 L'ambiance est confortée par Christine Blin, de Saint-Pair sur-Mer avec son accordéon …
§ §
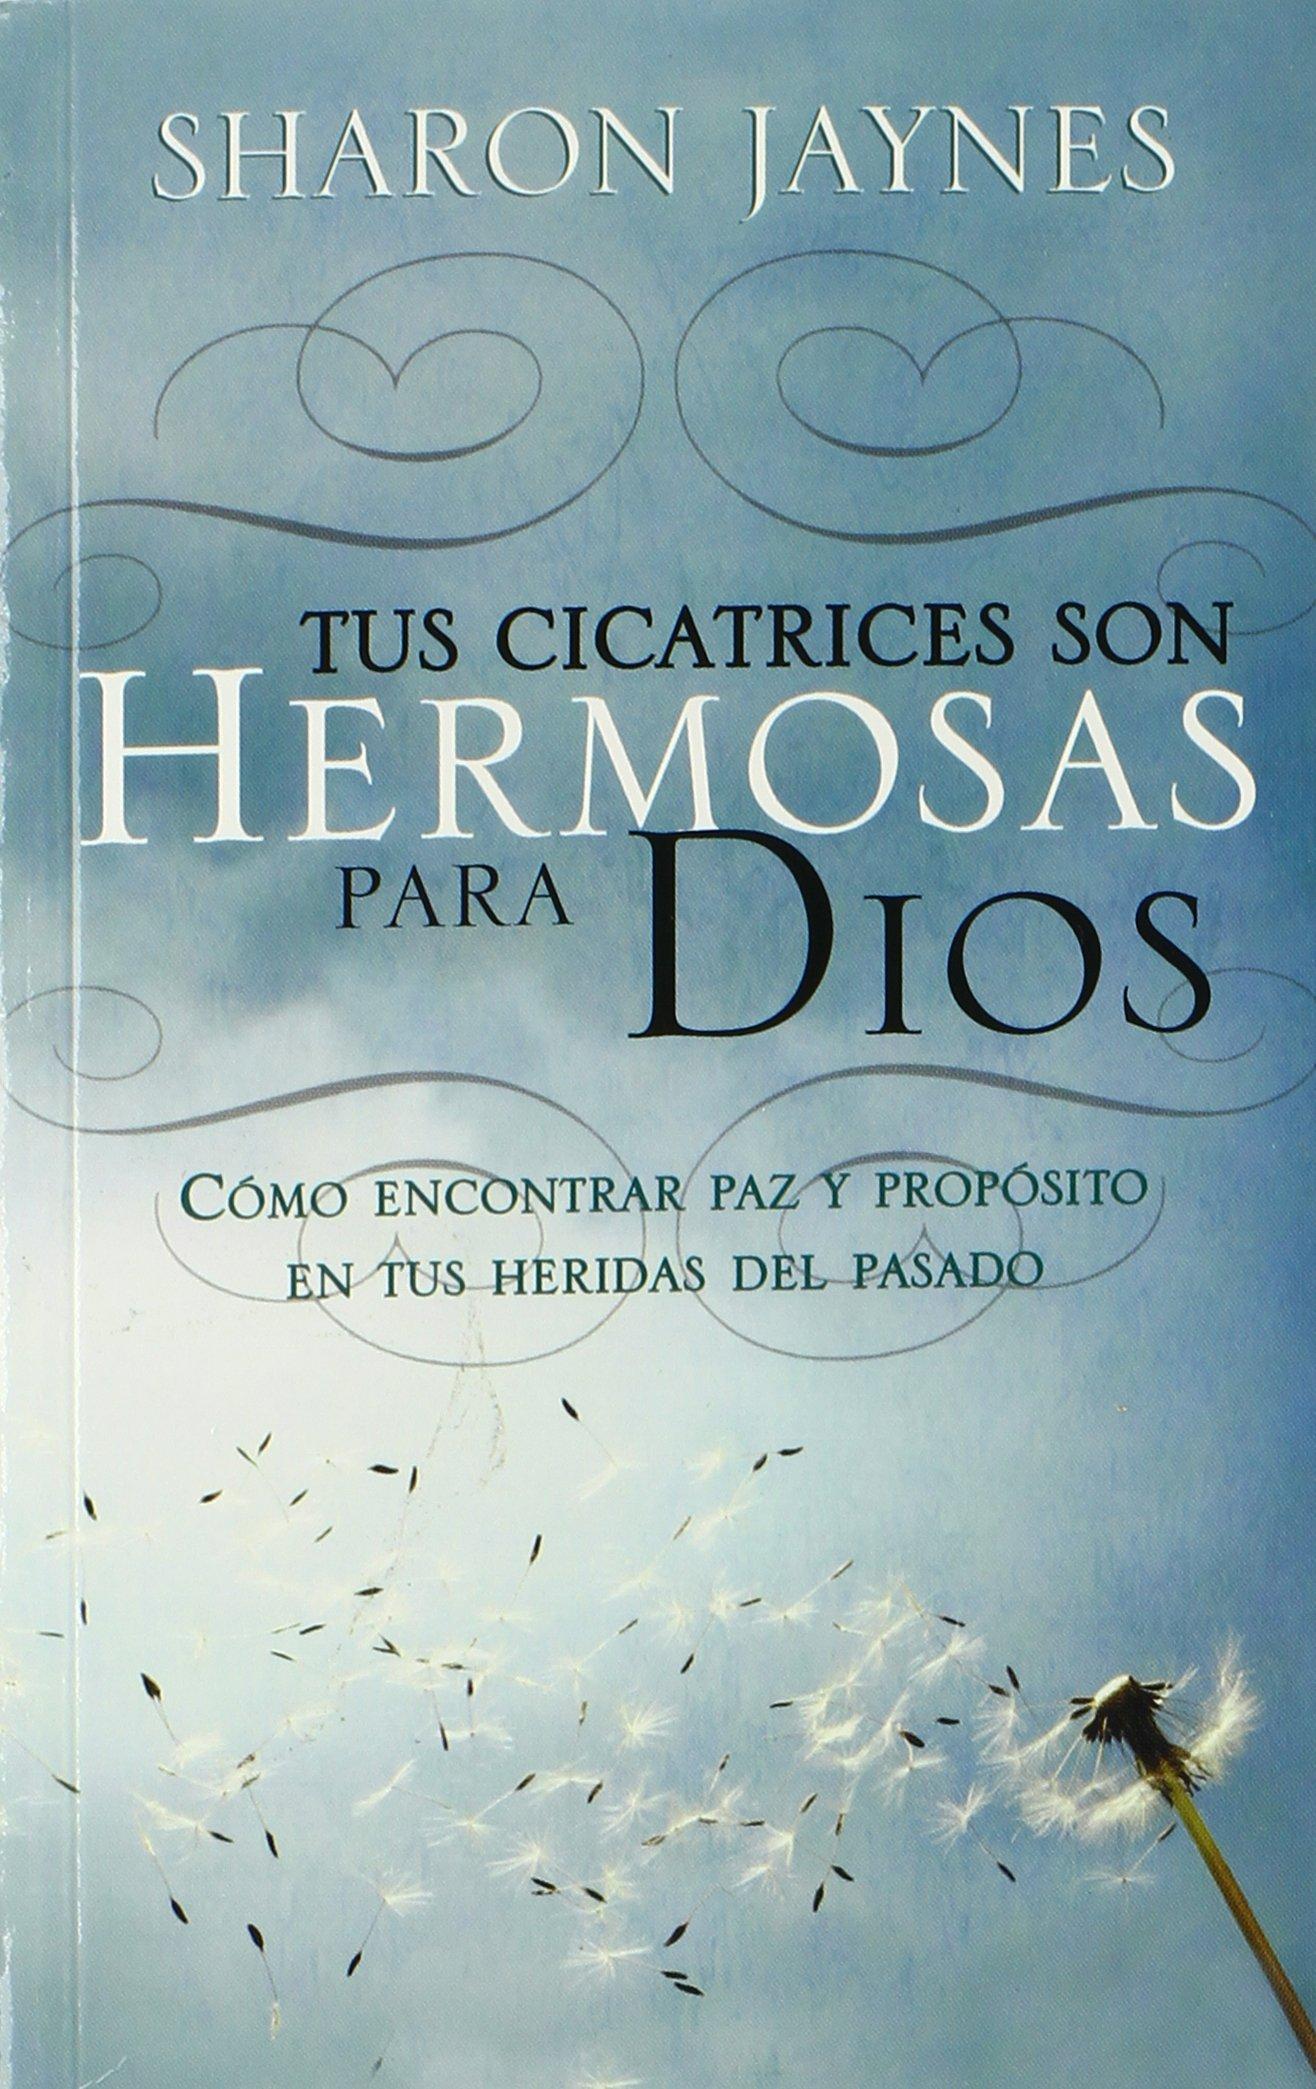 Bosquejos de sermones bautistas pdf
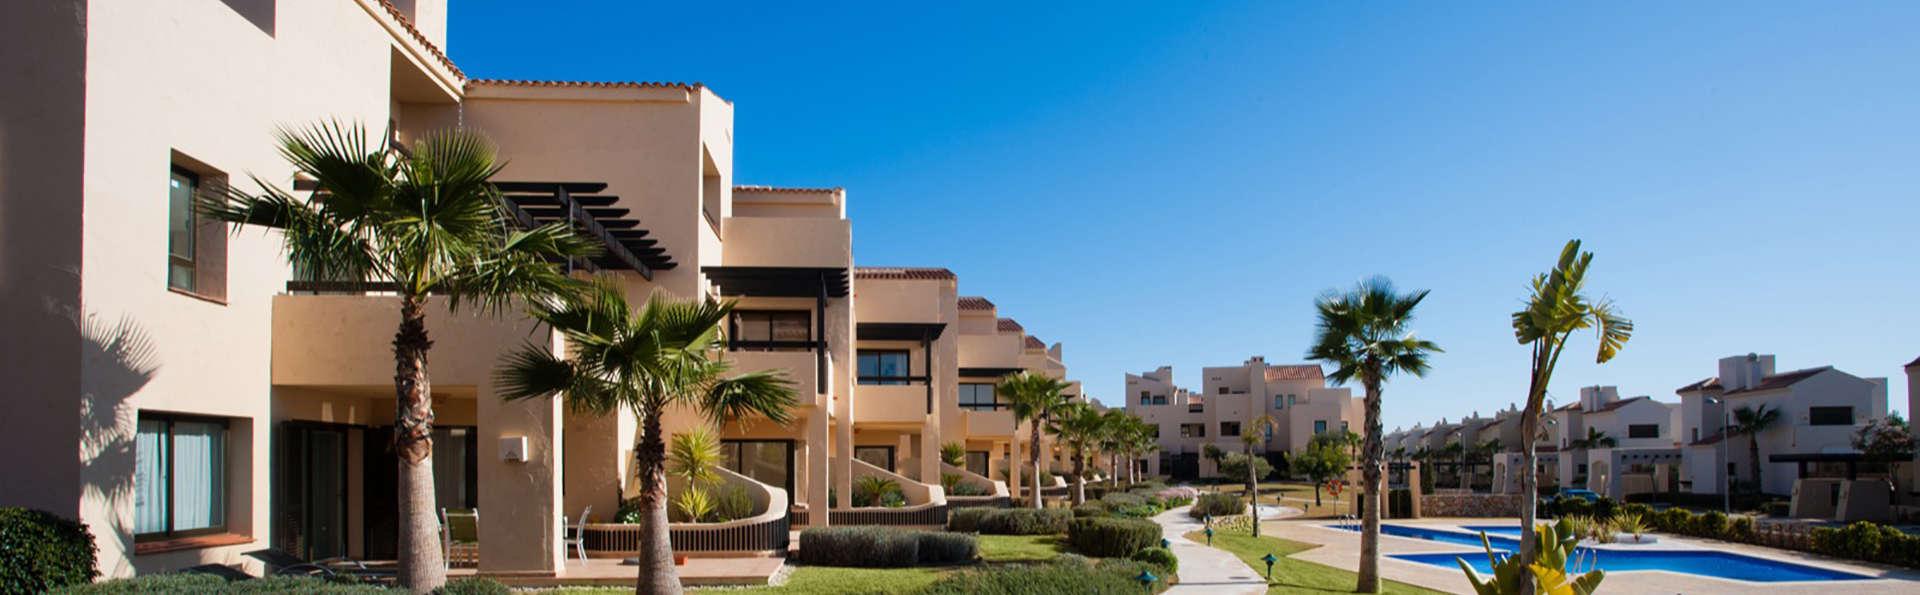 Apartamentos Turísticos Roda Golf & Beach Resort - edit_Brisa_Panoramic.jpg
§ §
#### Task
Within the entries above, the lines from the one containing "Bosquejos de sermones bautistas pdf" through the one containing "Apartamentos Turísticos Roda" are to be transcribed exactly, ends included, pictures excluded.

#### Your solution
 Bosquejos de sermones bautistas pdf
 Apartamentos Turísticos Roda Golf & Beach Resort - edit_Brisa_Panoramic.jpg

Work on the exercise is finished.